## Exercise aim
Output the whole listing below exactly, omitting the images.

## Data segment
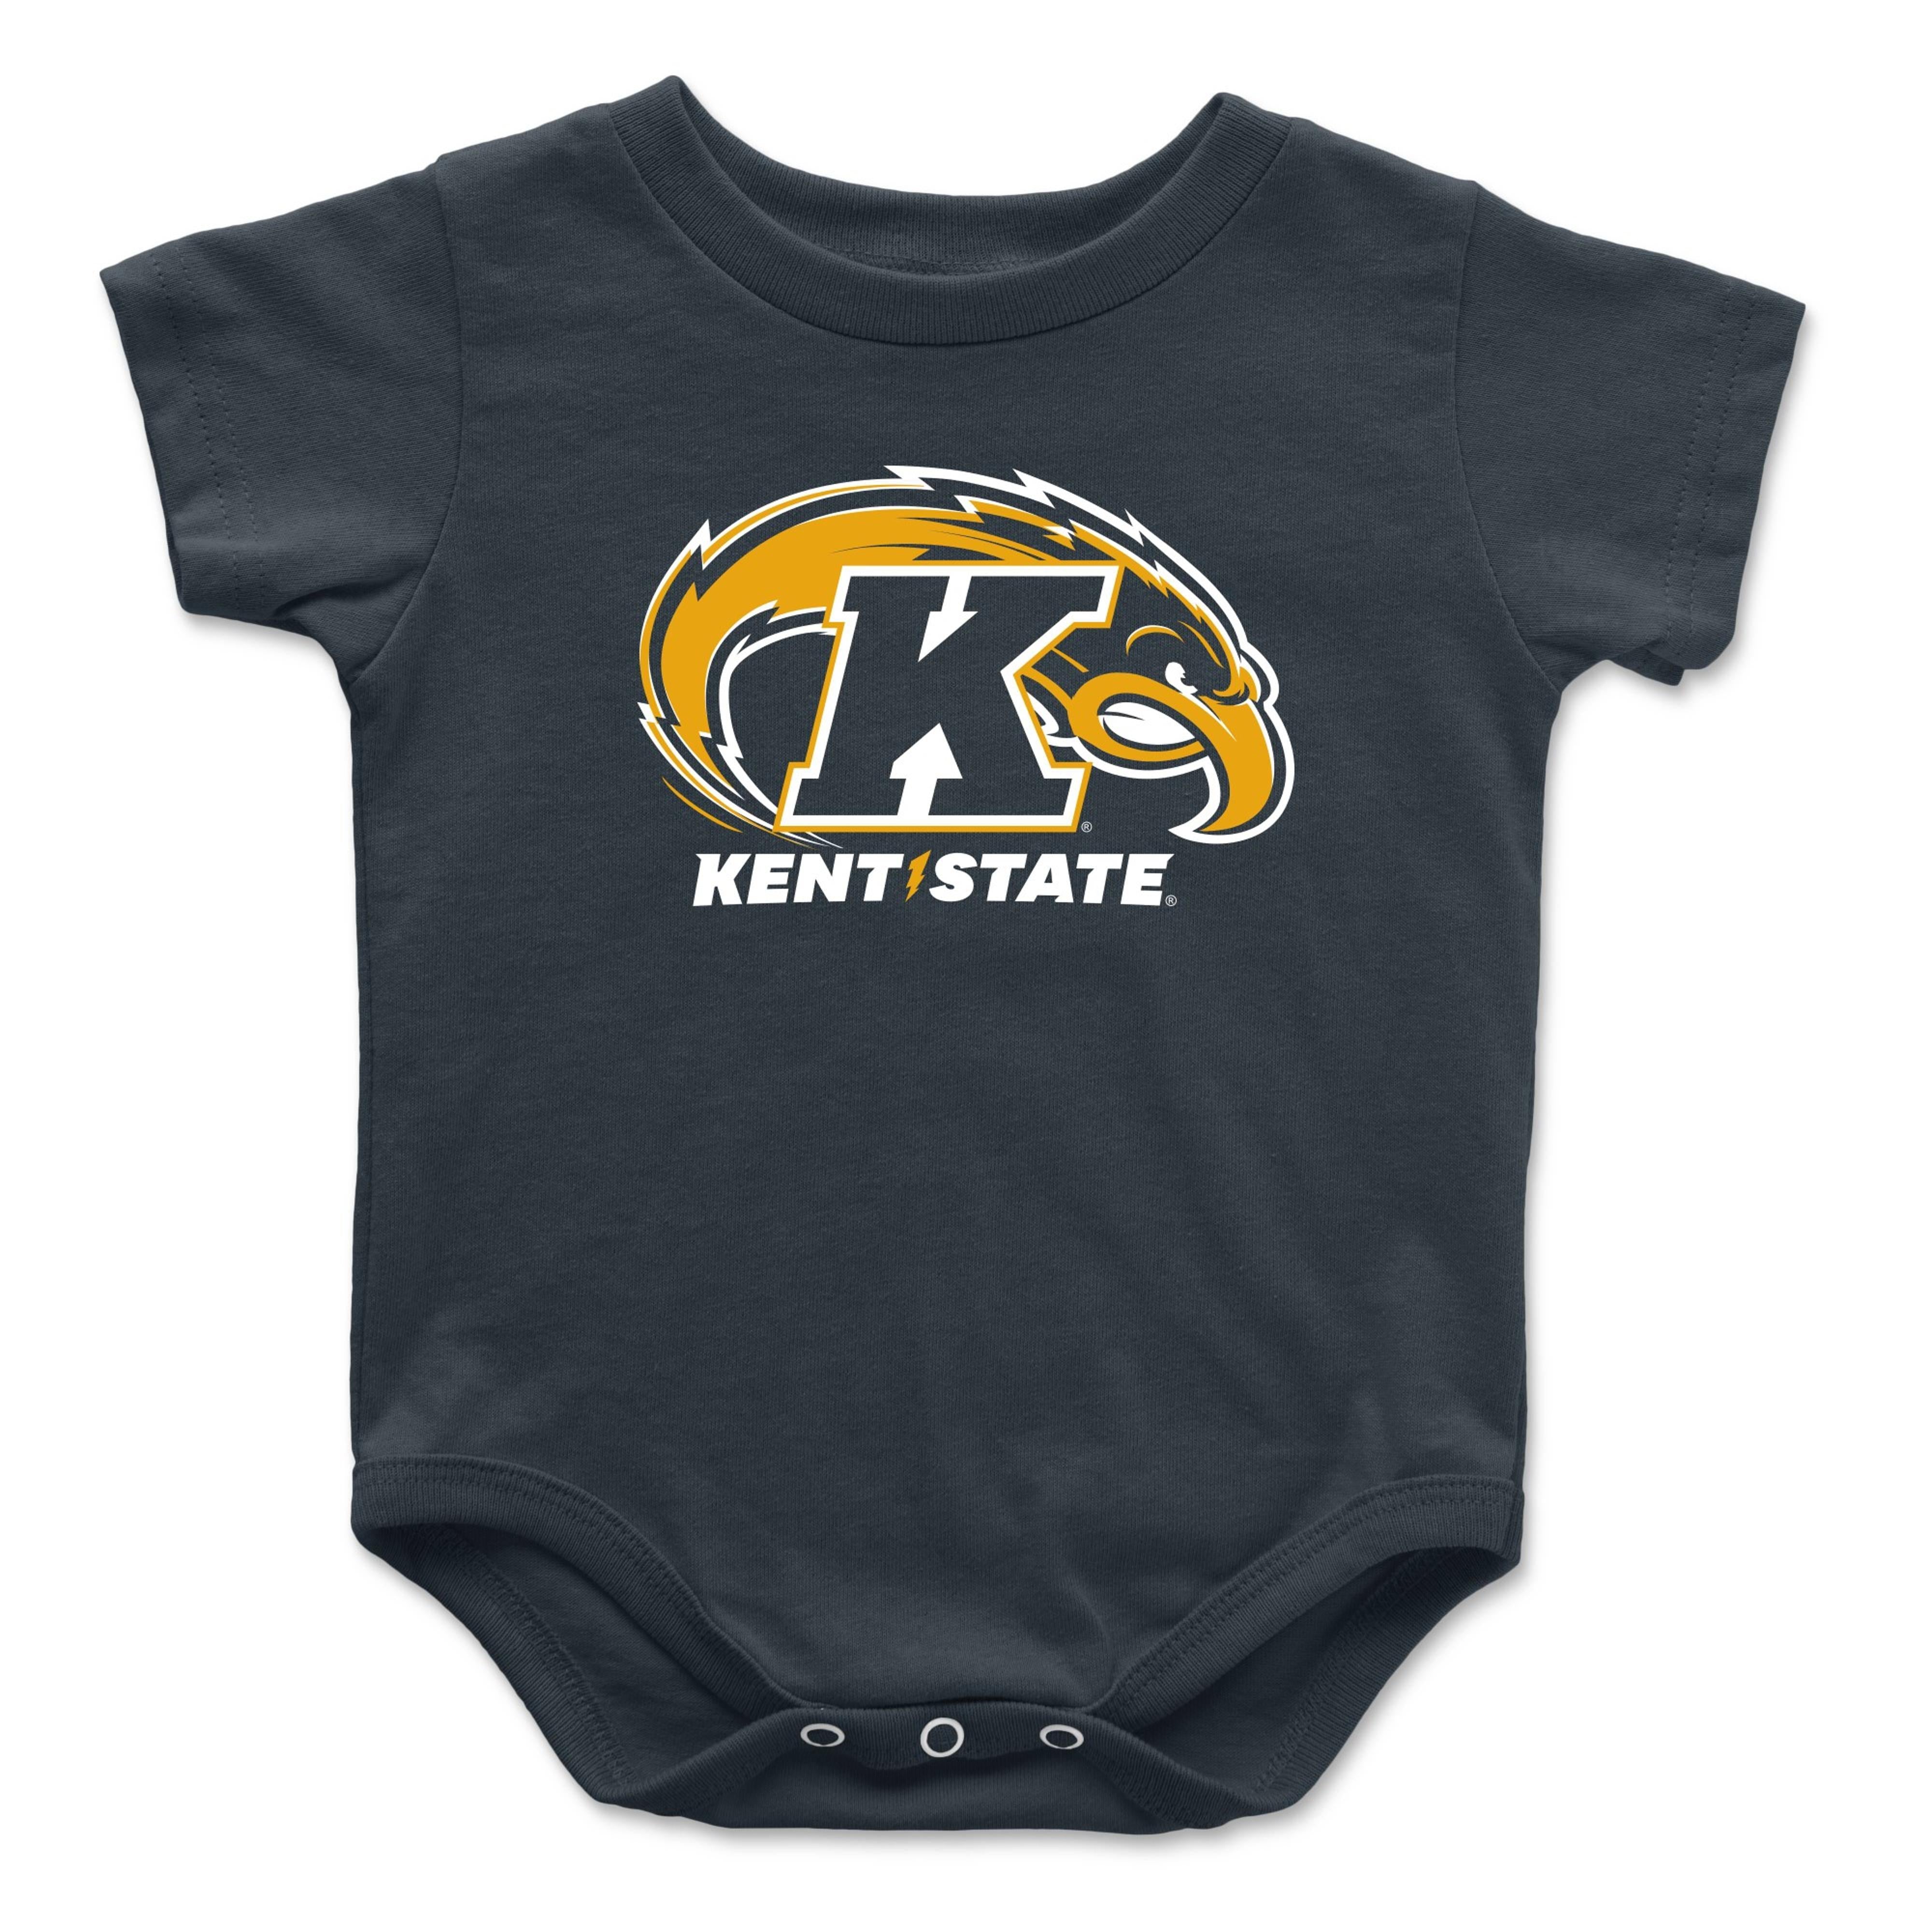 Kent State Navy Infant Bodysuit
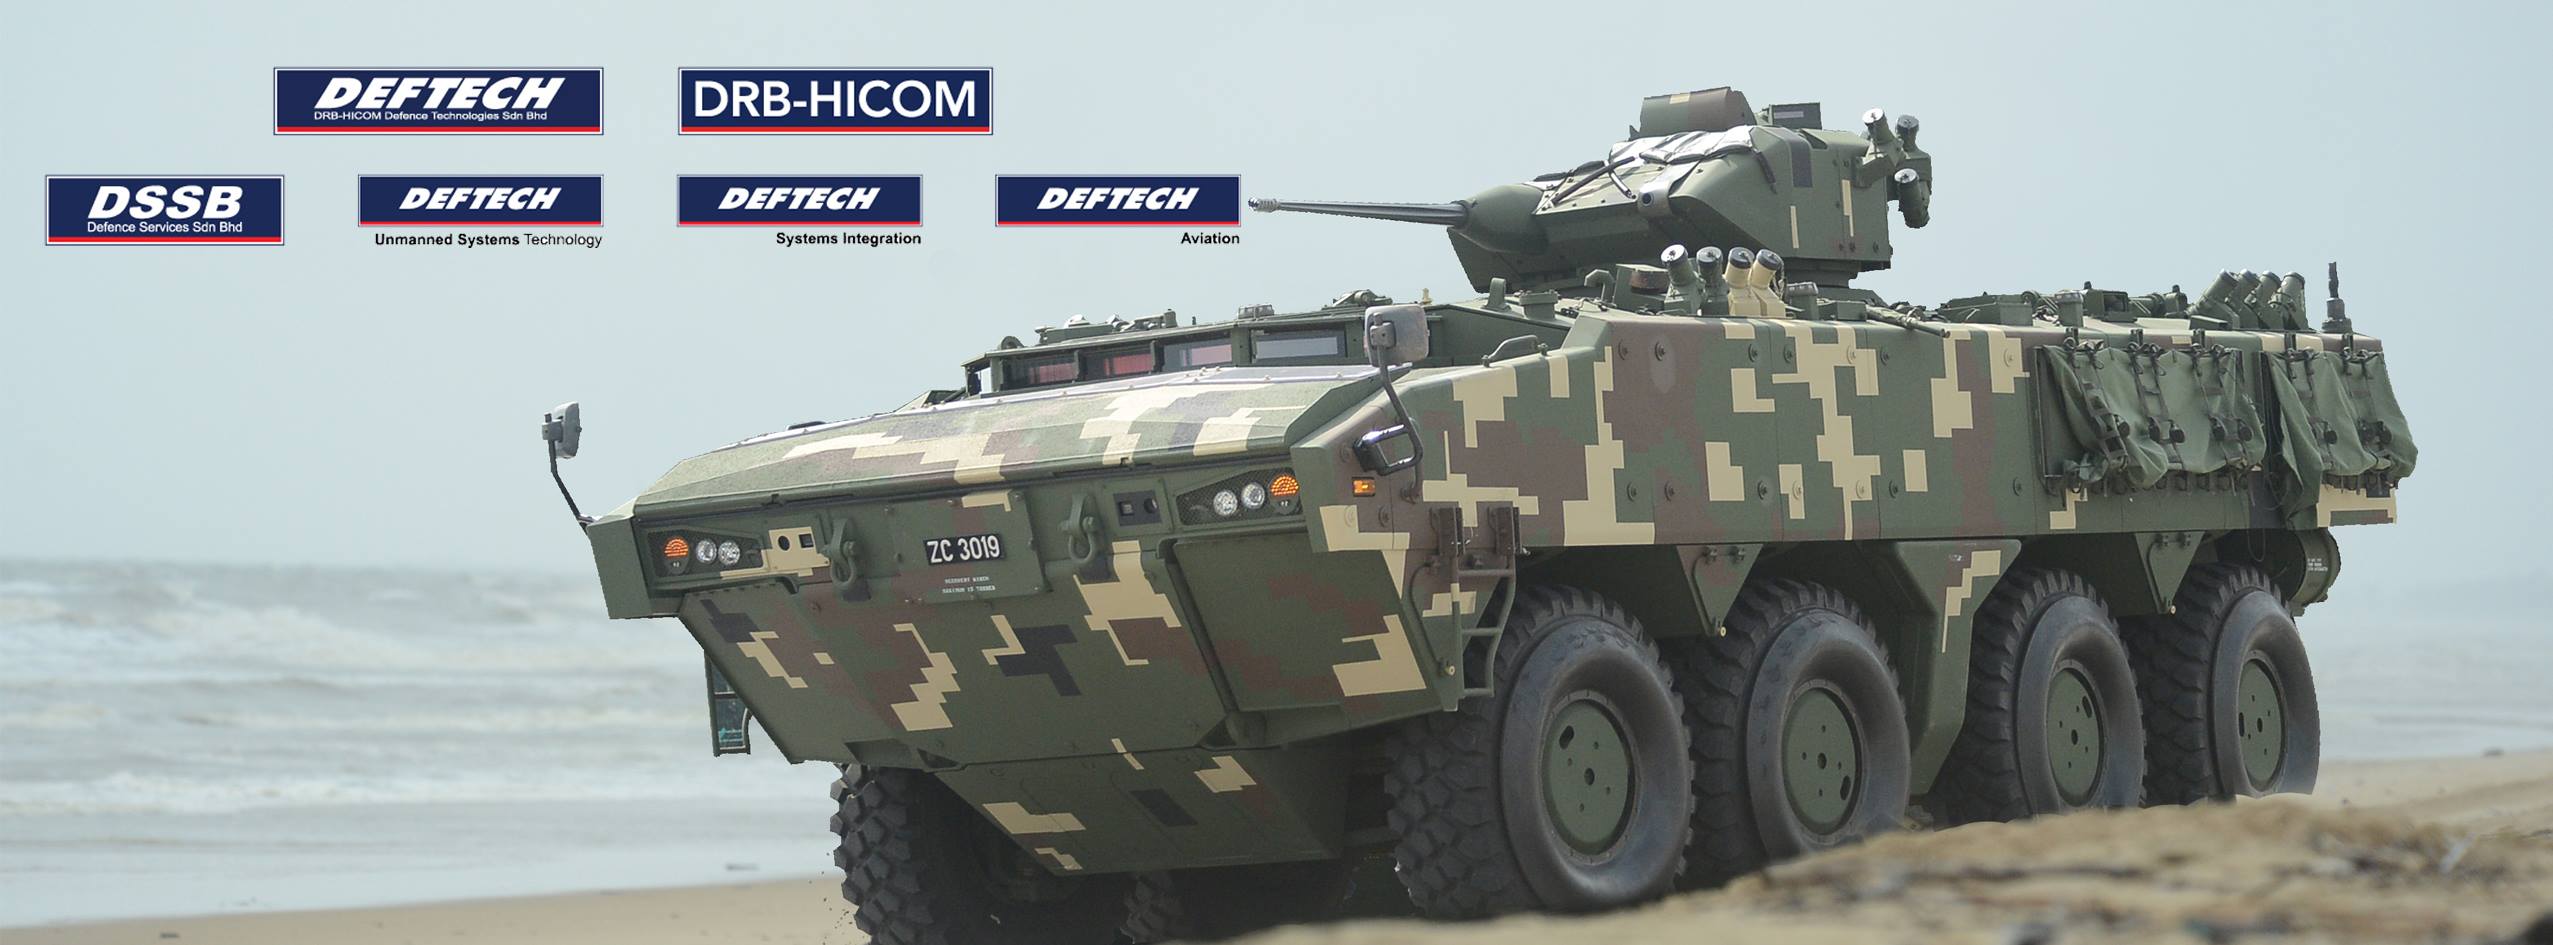 DEFTECH – DRB-HICOM Defence Technologies Sdn. Bhd
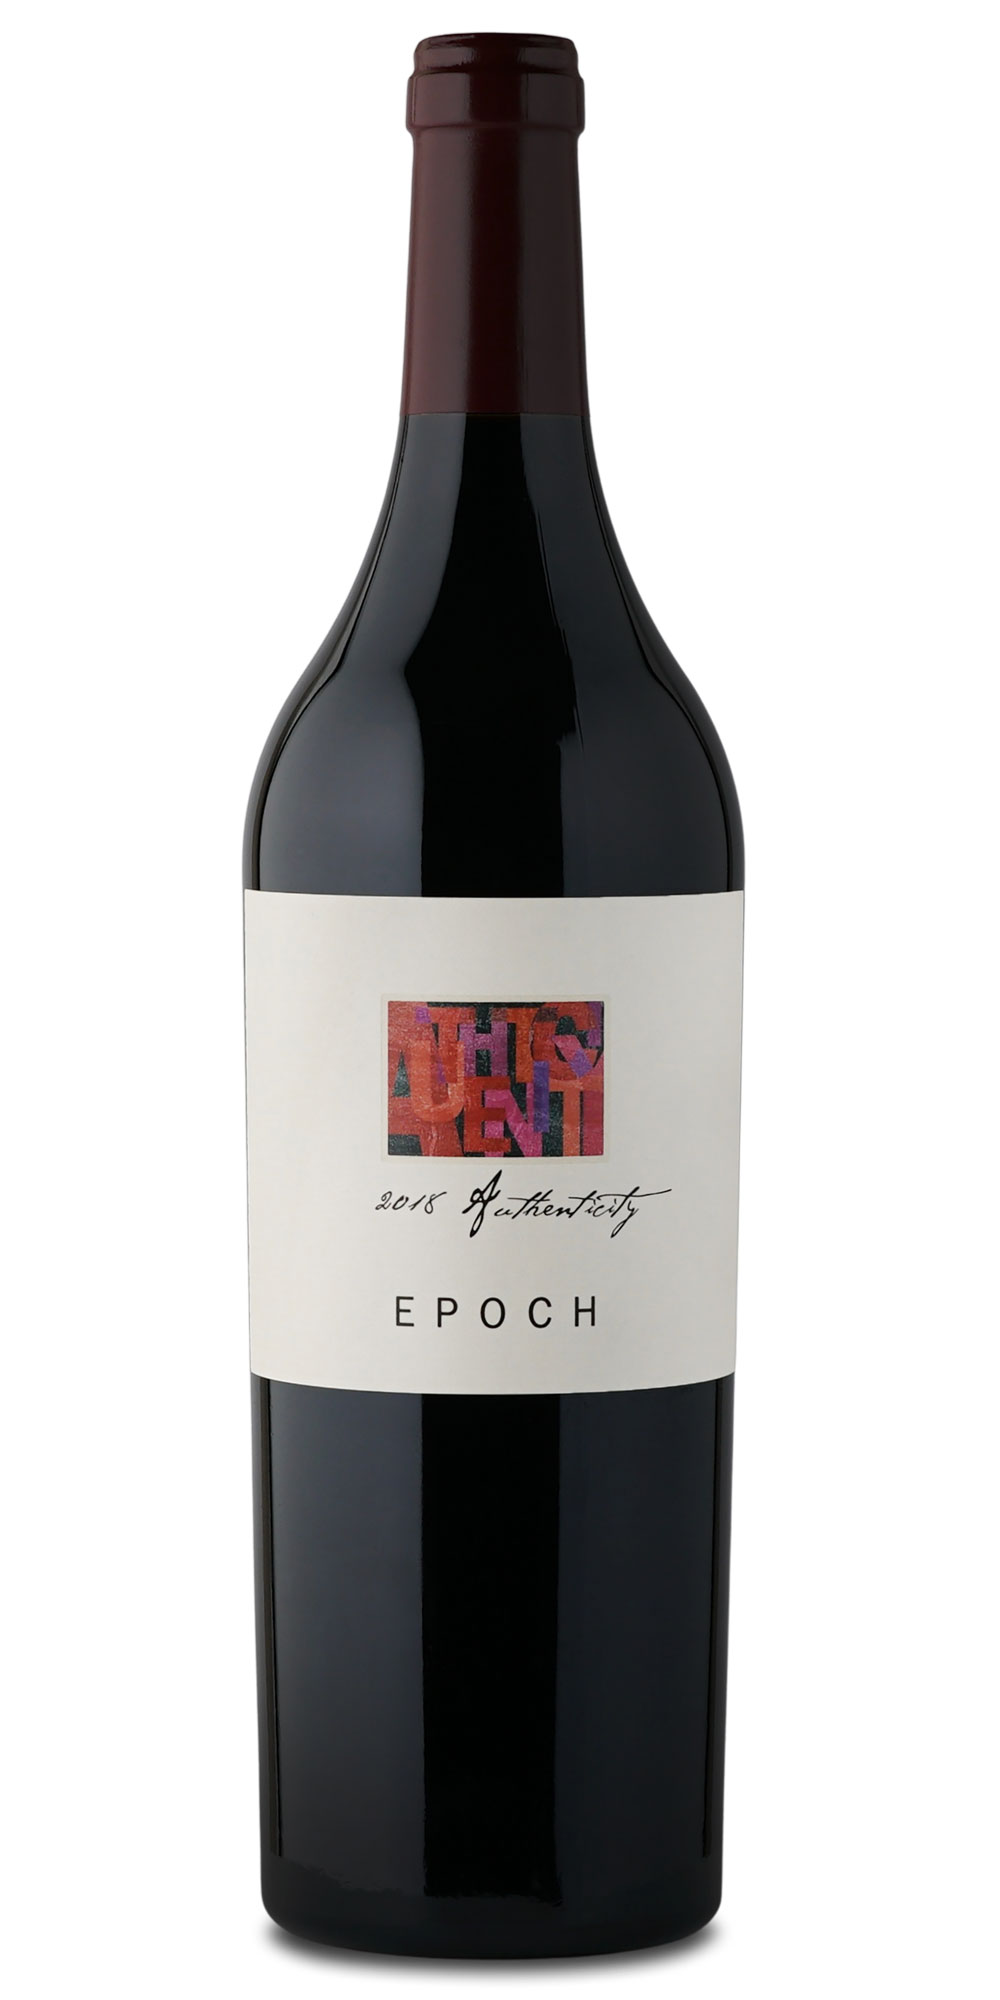 Authenticity - Epoch Estate Wines

## Solution to the problem
 Kent State Navy Infant Bodysuit
 DEFTECH – DRB-HICOM Defence Technologies Sdn. Bhd
 Authenticity - Epoch Estate Wines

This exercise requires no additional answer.